The first 11 months of 2009 were great for band-specific music games.
The outstanding “Guitar Hero: Metallica” received a spring release and became one of the most underrated games of the year.
Harmonix later unveiled “The Beatles: Rock Band,” which would set the standard for band-centered music games.
But the third band-specific game that was released last year ruined the perfect streak.
“Guitar Hero: Van Halen” was easily the worst music game released in 2009, and it might be better than only the awful “Rock Revolution” in terms of current generation music games.
The game’s shortcomings didn’t really come as a shock.
I figured something was up when the game was offered free to those who purchased “Guitar Hero 5.”
It was released in stores in December, but I truly hope that those who own the game did get it for free.
Activision and Neversoft, however, shouldn’t receive all of the blame.
The developers created a game that is on par with past releases from a technical standpoint. It didn’t have all the features of “Guitar Hero 5,” but it largely offered the same gameplay experience as the Metallica and Aerosmith iterations of the game.
The larger problems stemmed from an apparent lack of cooperation from the band.
Van Halen appears to contribute just enough to get the game released. There are no behind-the-scenes features or videos of the band. Both the Aerosmith and Metallica games featured famous venues from the bands’ history, but that feature is absent here.
Only half the songs are actually Van Halen tracks.

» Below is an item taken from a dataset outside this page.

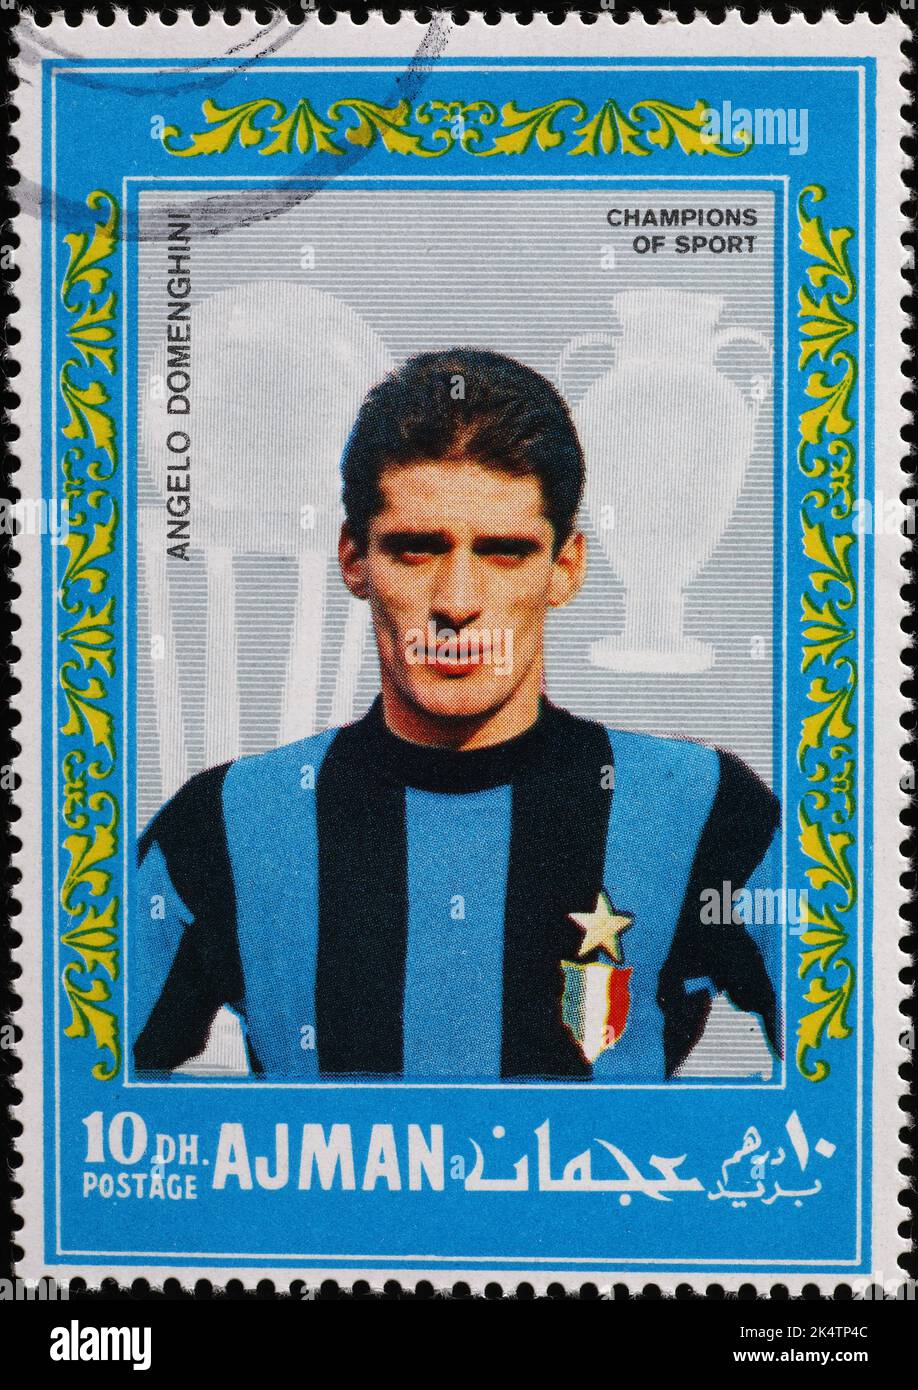 Angelo Domenghino calciatore su vecchio francobollo Foto Stock

Grouped alongside the band’s tracks are songs from bands like Fountains of Wayne, Third Eye Blind and Jimmy Eat World. Regardless of how anyone feels about those bands, most would agree that Van Halen’s contemporaries would be better suited as guest stars.
Also, all the Van Halen tracks are from the David Lee Roth-era. The game ignores the contributions of former members, particularly Sammy Hagar and Michael Anthony. Hagar had plenty of noteworthy songs with the band, and they would certainly fit in better than ones from Alter Bridge and Yellowcard.
The game has a hastily contrasted career mode that offers nothing special aside from playing the songs from the set list.
Expecting bands to contribute as much time and input as Metallica and The Beatles did might be asking a bit much. But they should at least contribute something. Their name is on the game, after all.